Роман с героиней - Дмитрий Каралис
Шрифт:
Интервал:
Закладка:
Батюшка был широкоплеч, румян, космат, бородат, и опрятная черная ряса с серебряным крестом сидела на нем кителем. Он сказал, что плавал механиком в Черноморском пароходстве. Я сказал, что заканчивал Ленинградский институт водного транспорта. Батюшка посмотрел на меня с интересом:
-- Плавал?
-- Нет, судостроение-судоремонт.
-- А я пять лет на сухогрузе отходил, -- улыбнулся батюшка. -- Сначала четвертый механик, король дерьма и пара, потом третьим...

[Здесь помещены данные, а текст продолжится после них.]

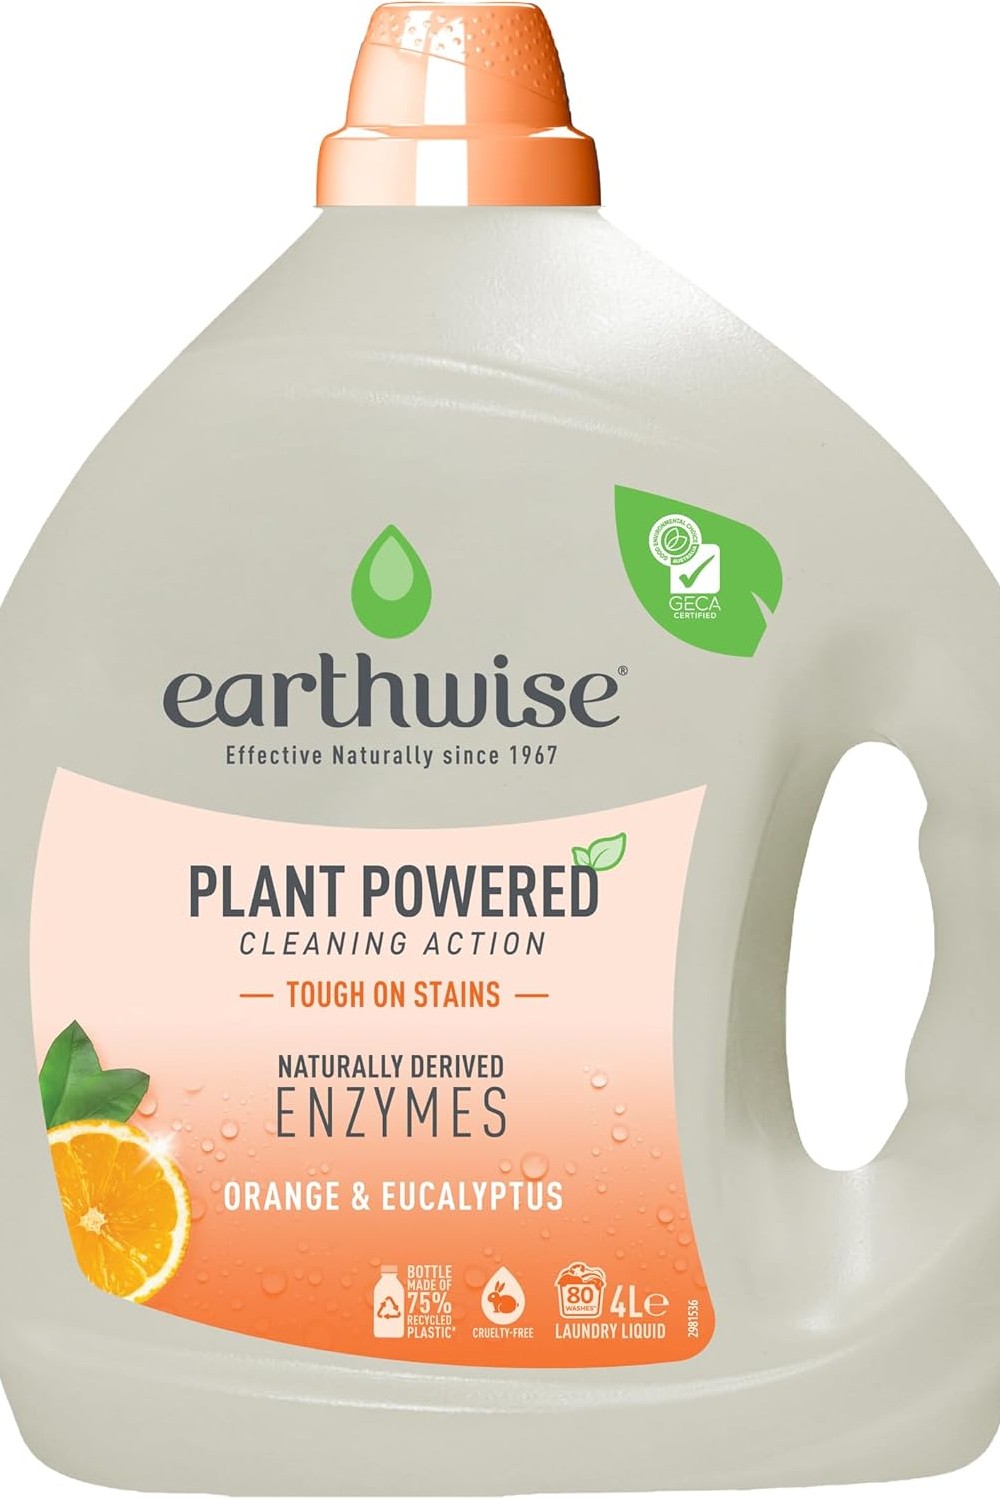 2. Earthwise Orange & Eucalyptus Laundry Washing Detergent Liquid

Служка принес прозрачный пакетик с желтыми камушками ладана, и я сказал:
-- Отец Виктор, подскажите, где добыть ветку грецкого ореха с плодами? Меня Конецкий, наш питерский писатель, просил. Может, слышали?

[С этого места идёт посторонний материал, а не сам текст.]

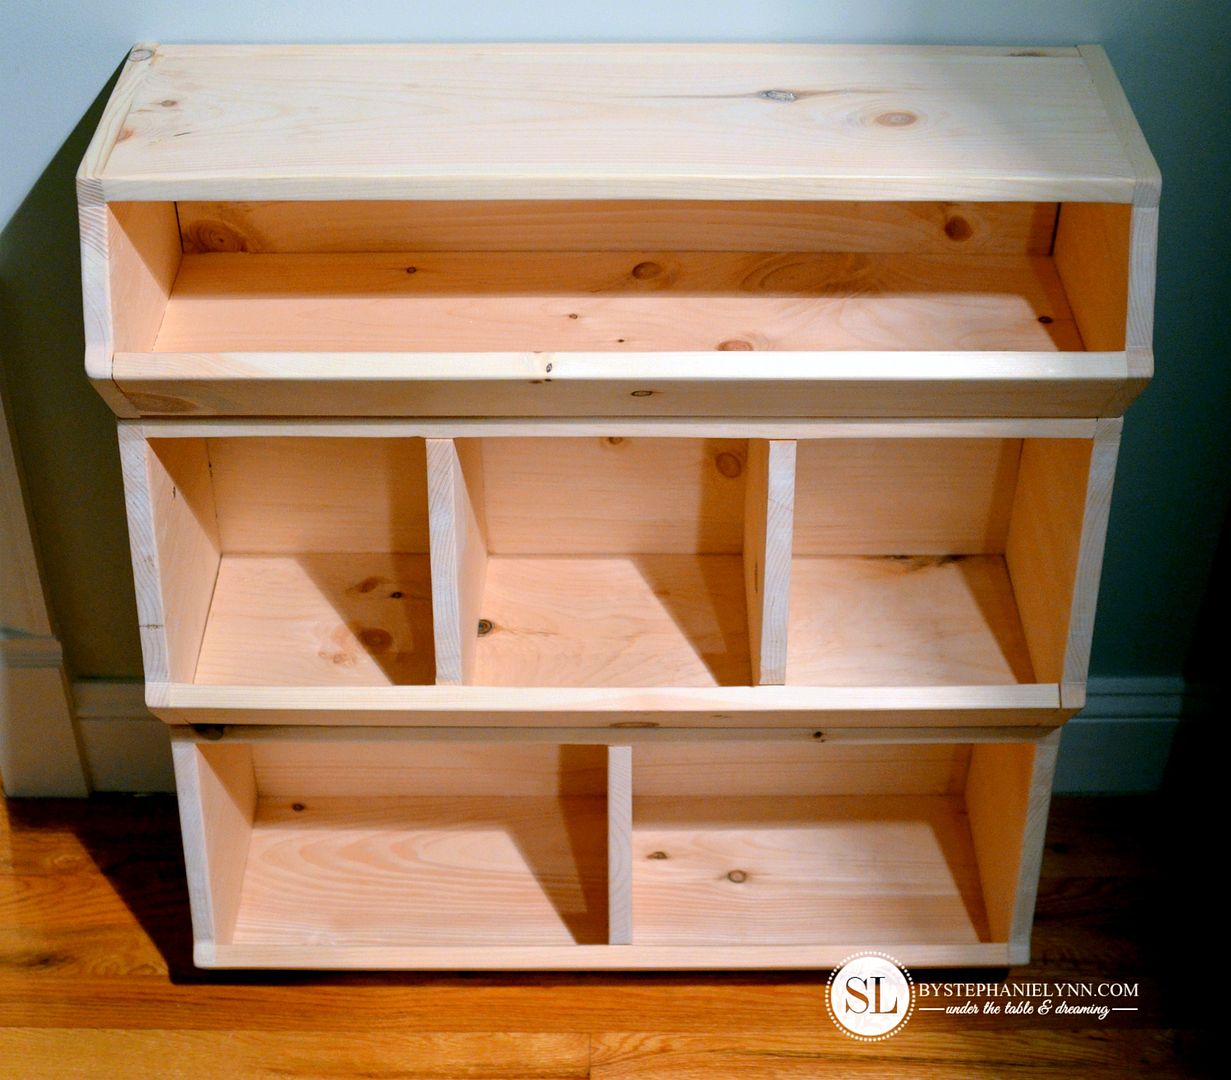 How to Build a Wooden Storage Bin Organizer

-- Виктор Викторович? -- Батюшка сжал пальцами висящий на цепочке крест.
Я кивнул. Он прикрыл глаза и помолчал, сдерживая волнение.
-- Етитская сила, прости меня, Господи!.. -- Он возвел глаза к небу. -Мы же его книги до дыр зачитывали! А ты с ним знаком? -- Он тревожно покосился на меня. -- Как он поживает?
Я сказал, что Конецкий поживает по-всякому -- годы и тяжелая служба дают о себе знать, но держится бодрячком, у него выходят книги, недавно справил семидесятилетие...
-- Люблю! -- Отец Виктор широко улыбнулся и по-простецки развел руки, словно хотел обнять писателя-мариниста. -- Ой, люблю...
Я напомнил про орех, он что-то быстро сказал служке и тронул меня за рукав: "Пошли!"
Оксана пошла с нами, потянулись и Лайла с Марией.
Пока мы пробирались в дальний конец монастырского сада, отец Виктор объяснил, что грецкий орех уже уронил листву, плоды только в закромах и на базаре, но он пошлет любимому писателю ветку мироносного дерева -- кипариса, которую освятит в своем храме. Пусть, дескать, эта ветвь будет с Виктором Викторовичем и в Новый год, и в Рождество, она придаст ему сил и здоровья.
Бывший моряк, а ныне настоятель монастыря остановился около зеленого колючего деревца с шишечками и принялся выбирать ветку.
Торопливо приковылял служка, протянул кривой садовый нож с костяной ручкой. Отец Виктор перекрестился, хыкнул, и раскидистая ветка, усыпанная бугристыми шишечками, оказалась в его руке.
-- А еще одну можно? -- забормотал я. -- Нам бы в издательство, там писатели собираются...
Служка принялся замазывать земляной пылью смолистый срез у ствола.
-- Во славу Божию! -- Отец Виктор обошел деревце и с хрустом снял ветку поменьше. -- Писатели -- Божьи люди, как дети малые... Я и сам раньше в миру стишки кропал... Довезешь?..
Я уверенно кивнул, и Оксана попросила еще одну ветку, чтобы поставить у себя дома в Чехии. Она уже трогала веточку на соседнем дереве и любовно разглядывала шишечки.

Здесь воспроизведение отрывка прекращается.